Menyebrang ke ruangan keramik, memang terdapat bermacam perabot indah memanjakan mata terbuat dari porselin. Koleksi cangkir, Mangkuk, Gelas, dan piring –piring ini indah menyilaukan mata.Apabila terdapat tanda crown ,bukan sekedar porselin pula,porselin ini merupakan hadiah pemberian dari kerajaan lain masa itu. Tentu ada yang paling indah yakni vas bunga warna merah pemberian Napoleon Bonaparte kepada Sultan HB keempat.

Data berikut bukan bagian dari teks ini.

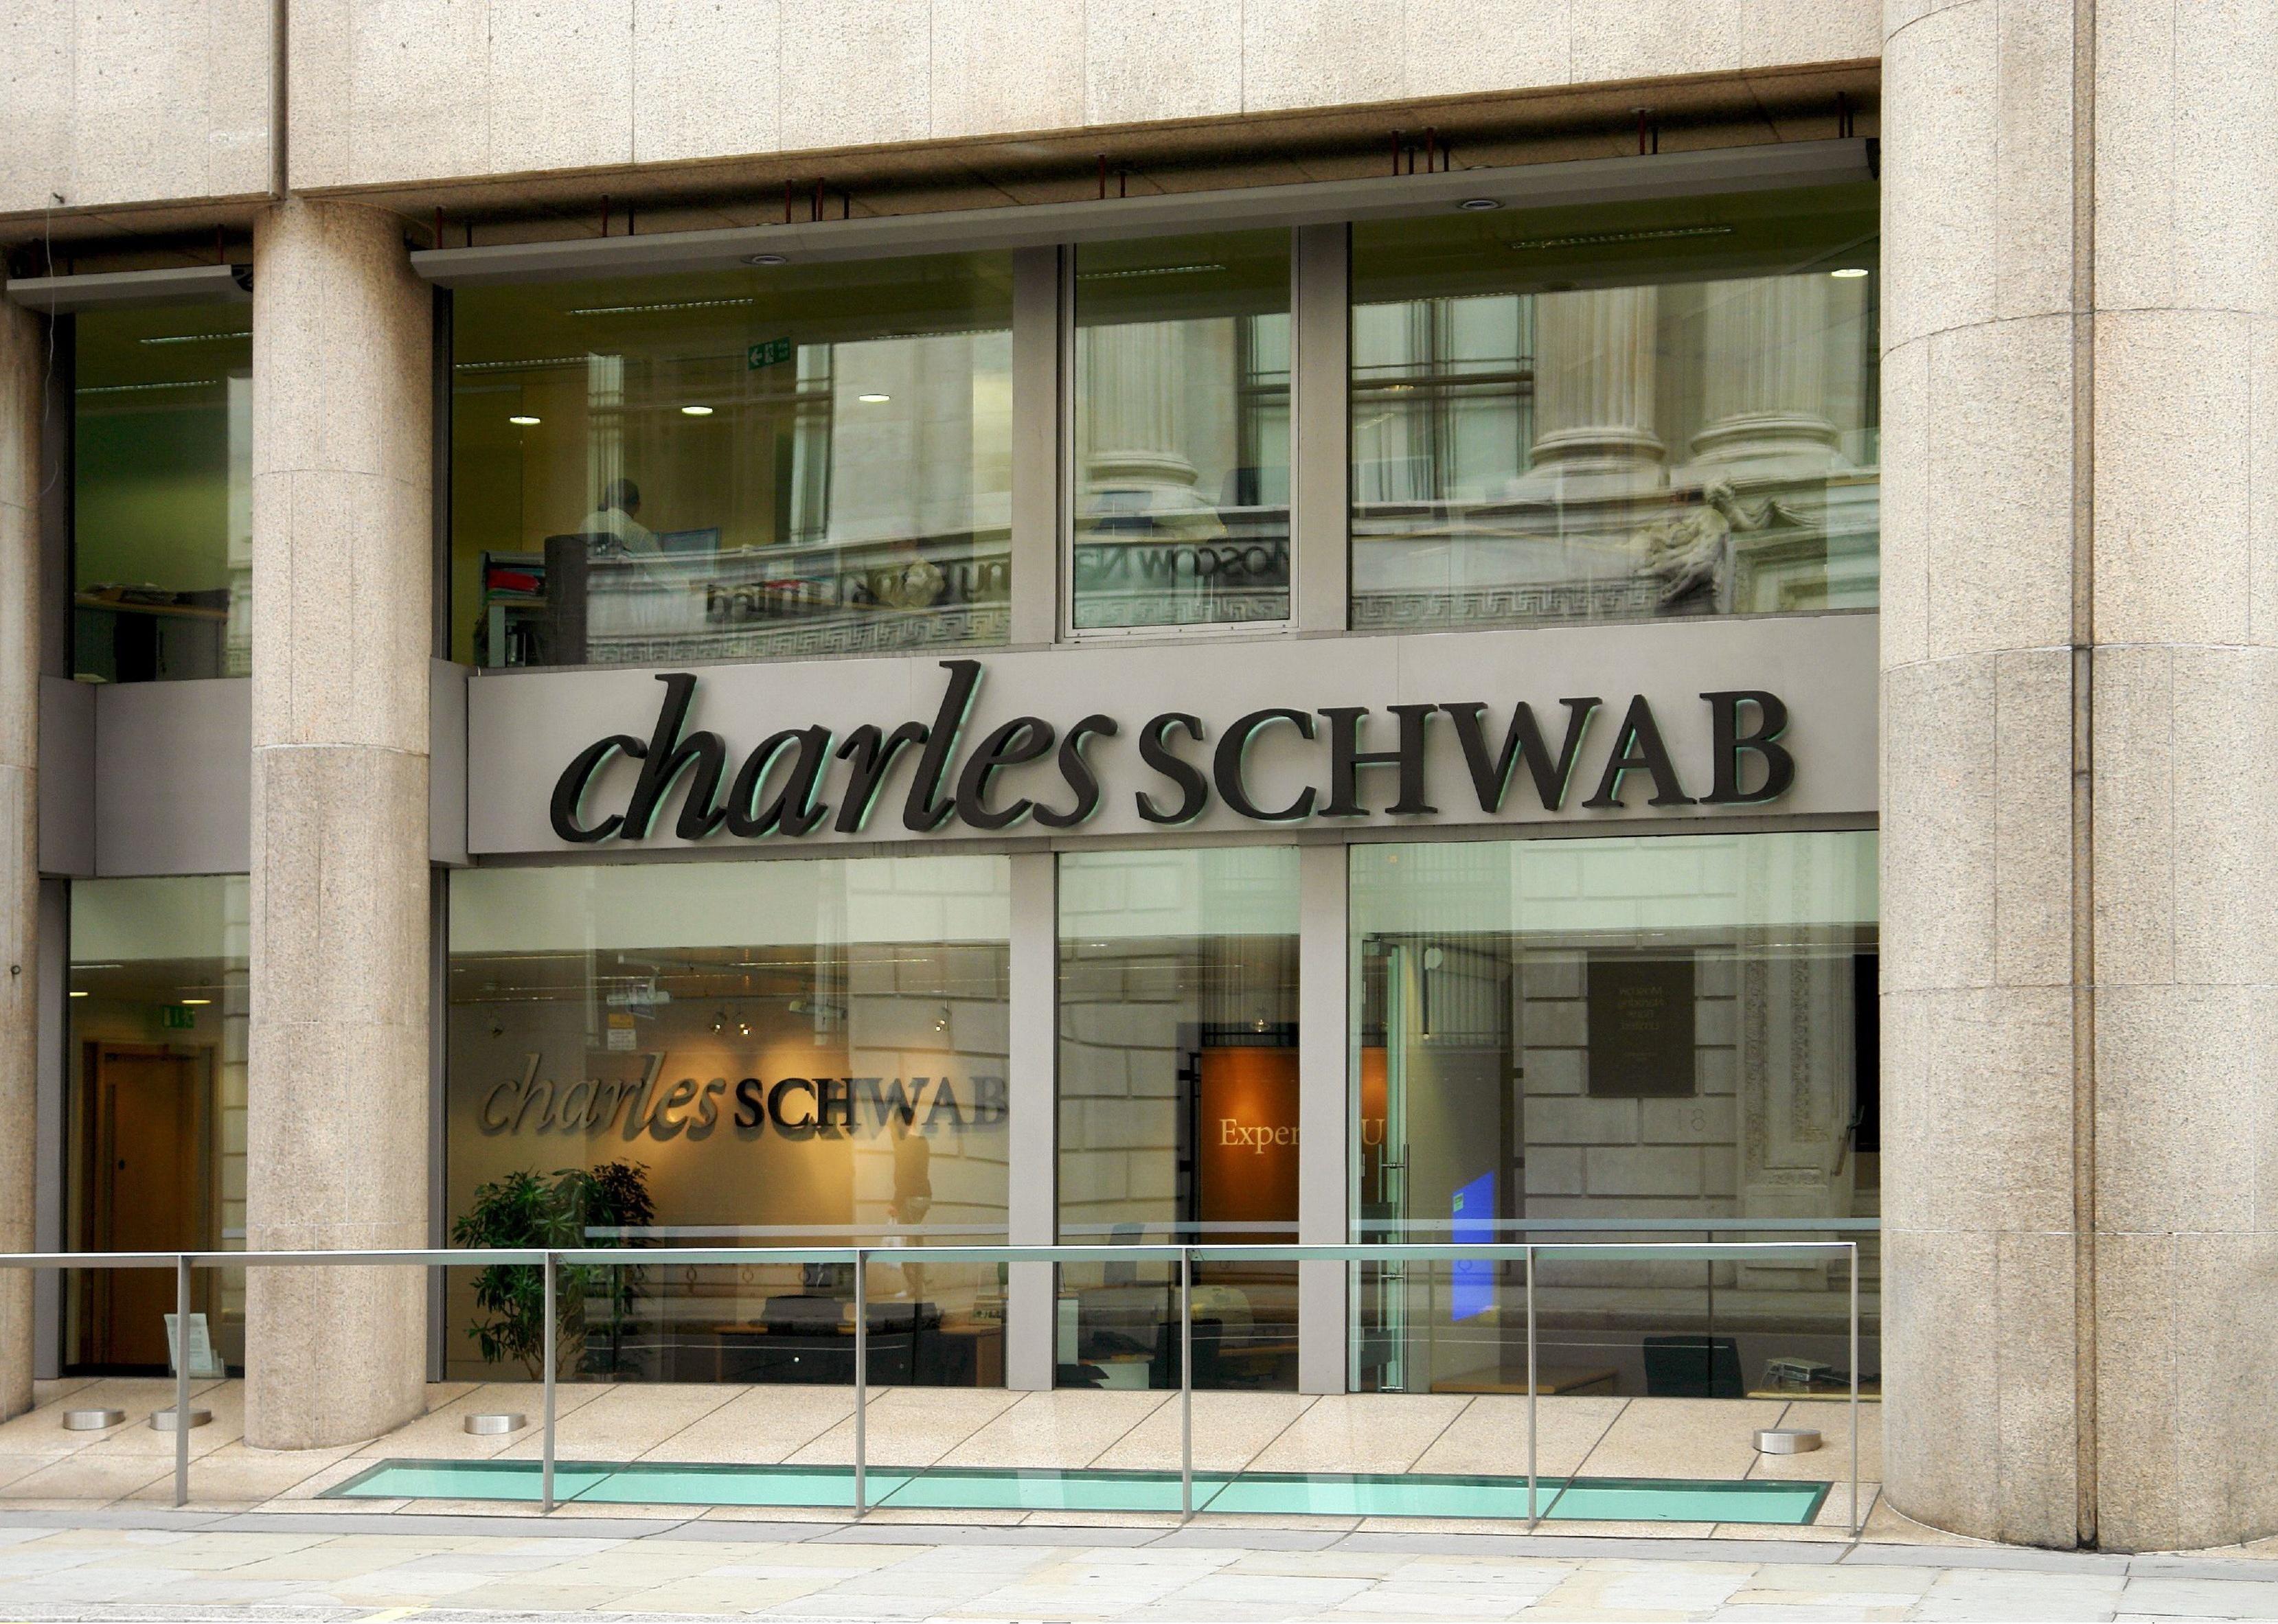 Charles Schwab headquarters.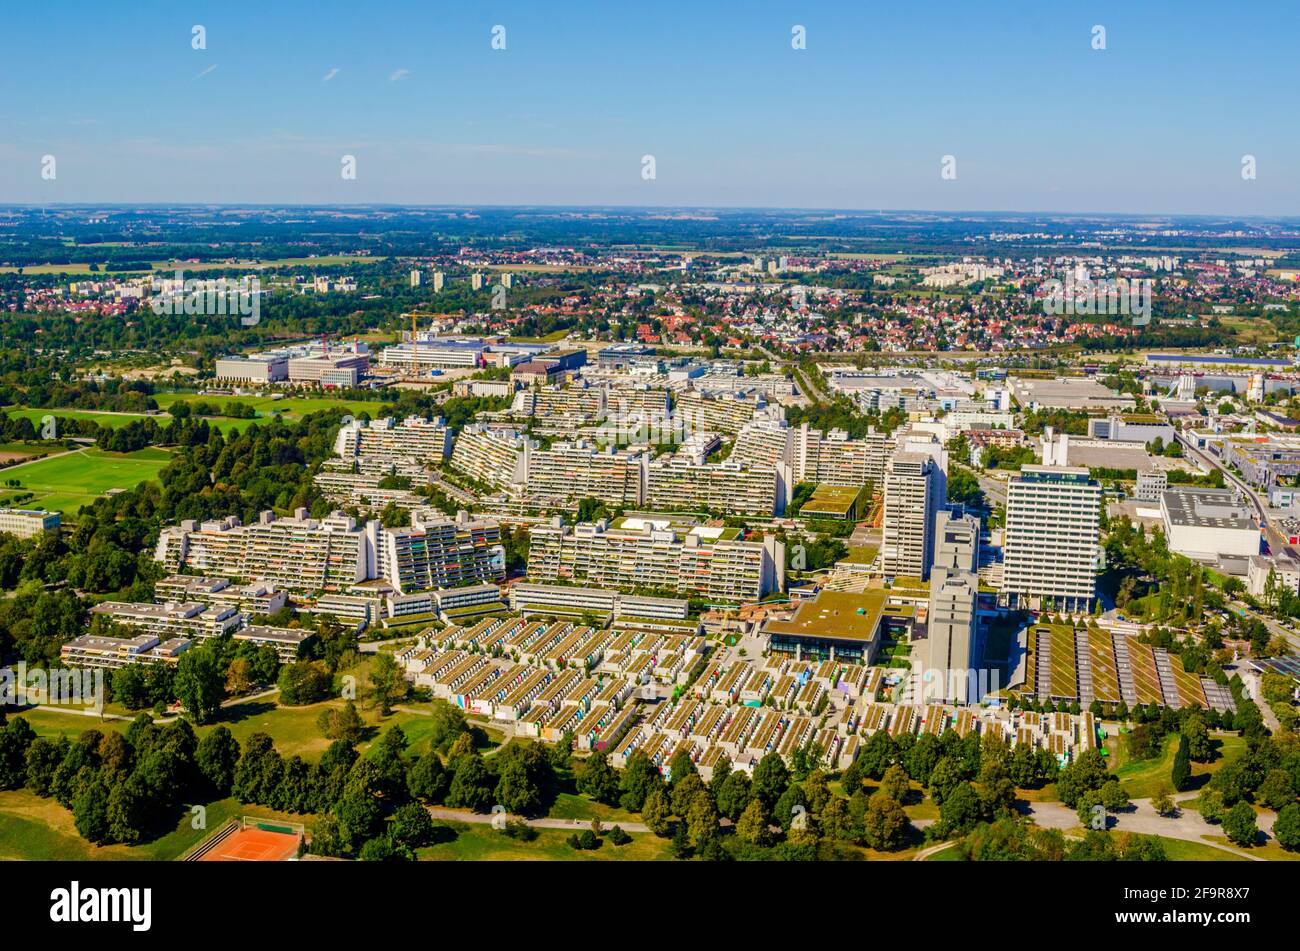 Das Olympische Dorf in München, Deutschland. Es wurde für die Olympischen Sommerspiele 1972 gebaut und diente während der Spiele als Unterkunft für die Athleten. Jetzt ist es ein s Stockfoto

Satu set gamelan lengkap terpajang di ruang etnografika. Gamelan ini masih bisa digunakan dan justru sering digunakan agar tidak mudah rusak. Satu hal yang tak boleh terlewatkan ketika mengunjungi museum ini adalah canthik Kiai Rajamala berukuran besar di sebelah barat gamelan. Hiasan ( canthik ) kapal yang terbuat dari pohon jati hutan Donoloyo tersebut sudah ada sejak tahun 1811 zaman pemerintahan Paku Buwono IV. Fungsi utamanya adalah sebagai transportasi permaisuri PB IV untuk pulang ke Madura. Sedikit berbau ritual, Kiai Rajamala yang berwajah garang warna merah ini masih rutin diberi sesajen.
Satu Ruangan tertutup bernama perpustakaan. Ruangan ini menyimpan manuscript dari abad 17 hingga 19. Koleksi perpustakaan Radya Pustaka terdiri dari Jawa Carik ( tulis tangan ), Babad Mataram, Kawruh Empu ( buku tentang keris ), hingga buku-buku Belanda seperti De Java – Oorlog Van 1825 – 1830, Babad Tanah Jawi Pararaton ( Ken Arok ), buku-buku pembuatan keris, peta dan naskah kuno lain yang masih terawat dengan baik. Pengunjung diperbolehkan membaca nakah-naskah kuno di sini, terkecuali untuk yang telah berum 50 hingga 100 tahun ke atas, rentan rusak. Koleksi manuscript di sini bahkan mencapai puluhan ribu, menurut ibu Yanti, staff perpustakaan.
Membutuhkan waktu yang cukup lama bagi saya untuk bisa menikmati seluruh koleksi museum. Tanpa saya sadari pula bahwa sudah dua jam lamanya namun pengunjung museum hanya segelintir orang. Menanggapi pertanyaan saya, Mas Dodo menerangkan bahwa jumlah pengunjung tidak bisa ditebak, terkadang bisa datang banyak sekali terutama rombongan wisata dari sekolah atau universitas, bahkan turis. Bergantung pada hari juga, Sabtu-Minggu biasanya lumayan ramai. Tetapi ia juga mengakui kalau untuk pengunjung individu terlepas dari rombongan memang sedikit.
Banyaknya koleksi museum memang harus benar-benar dijaga dan dirawat agar tetap bertahan. Radya pustaka setiap tanggal ulang tahun museum melakukan mises ringgit, khususnya untuk mencuci keris dan wayang. Barang-barang dari perunggu memerlukan perhatian khusus untuk merawat bahkan mendatangkan ahli khusus. Cukup membahayakan juga bagi pengunjung untuk memegang setelah koleksi dibersihkan karena pembersihannya melibatkan cairan kimia.
Menikmati dan melihat berbagai macam koleksi di museum ini membuat saya terpukau akan kehebatan sejarah. Serasa melakukan perjalan masa lampau dengan mesin waktu. Dengan hanya membayar 5ribu rupiah, kita bisa merasakan setiap kisah masa lampau, dengan keindaahan nilai seni, keunikan, dan historis, serta tambahan pengetahuan di museum Radya Pustaka. Anda bisa berkunjung ke museum ini setiap hari terkecuali hari senin, konvensi museum internasional telah menetapkan sebagai hari libur museum.